Au niveau micro, l'étude recommande aux entreprises d'établir un système d'évaluation du positionnement des capacités basé sur quatre indicateurs : « niveau d'efficacité énergétique, valeur ajoutée du produit, fidélité client et intensité carbone », et de cultiver des capacités d'absorption technologique, de changement organisationnel et de collaboration écosystémique. Au niveau méso, il est recommandé d'insister sur l'élimination légale et réglementaire des capacités obsolètes, de mettre en œuvre des alertes et des pressions sur les capacités conformes, de fournir des incitations et des démonstrations pour les capacités conventionnelles, de guider les capacités avancées pour repousser les limites et éviter les pièges, et de soutenir et de responsabiliser les capacités de nouvelle qualité. Au niveau macro, il est recommandé d'augmenter les investissements dans la recherche fondamentale comme la science computationnelle des matériaux, de construire des plateformes de prototypage pour surmonter les goulets d'étranglement d'ingénierie entre les niveaux de maturité technologique 4 et 7, et de former des talents polyvalents possédant des compétences en science des matériaux, en ingénierie de fabrication et en culture numérique.
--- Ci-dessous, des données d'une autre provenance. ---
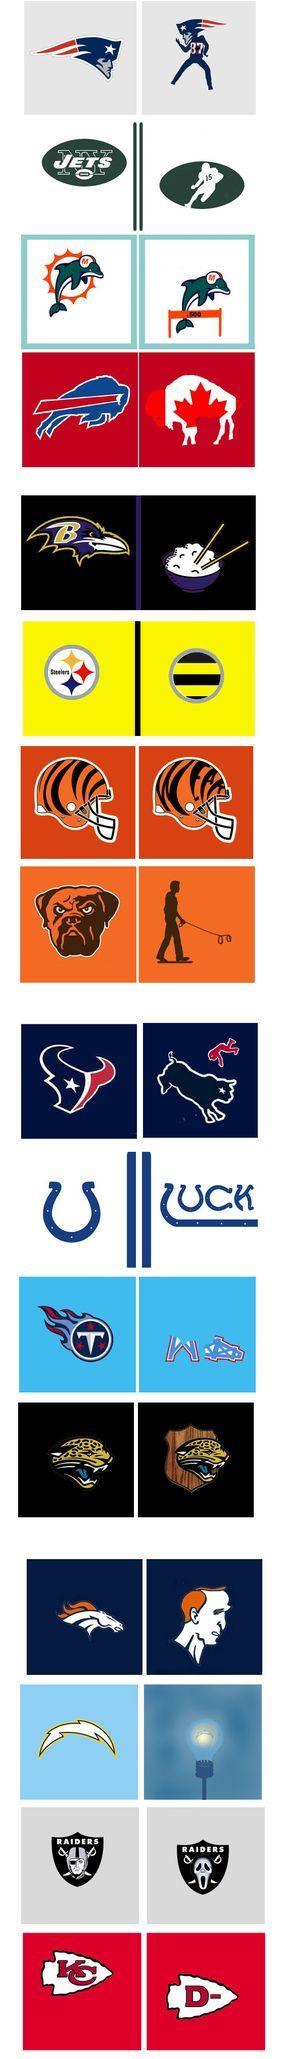 Kurt Snibbe's AFC logo makeovers

L'étude estime que la signification traditionnelle de « la capacité est reine » a été fondamentalement réécrite. Dans le contexte des forces productives de nouvelle qualité, les capacités obsolètes meurent à cause des politiques, les capacités conformes meurent à cause de la complaisance, les capacités conventionnelles sont piégées par la « concurrence interne », et les capacités avancées sont limitées par le « plafond de verre » de la valeur. Seules les capacités de nouvelle qualité en évolution constante peuvent traverser les cycles et définir la véritable « capacité est reine » de la prochaine ère. L'essence de l'itération des capacités est un changement de paradigme, passant du « tonnage » à la « valeur » puis à l'« écosystème ». L'objectif stratégique de l'industrie devrait passer de la « poursuite » à la « définition », de l'« adaptation aux règles » à l'« établissement des règles ». L'étude souligne que l'itération des capacités dans l'industrie des métaux non ferreux est un marathon sans fin, et que les gagnants finaux ne seront pas les entreprises possédant le plus de capacités, mais celles qui sauront le mieux résoudre les problèmes de leurs clients en aval.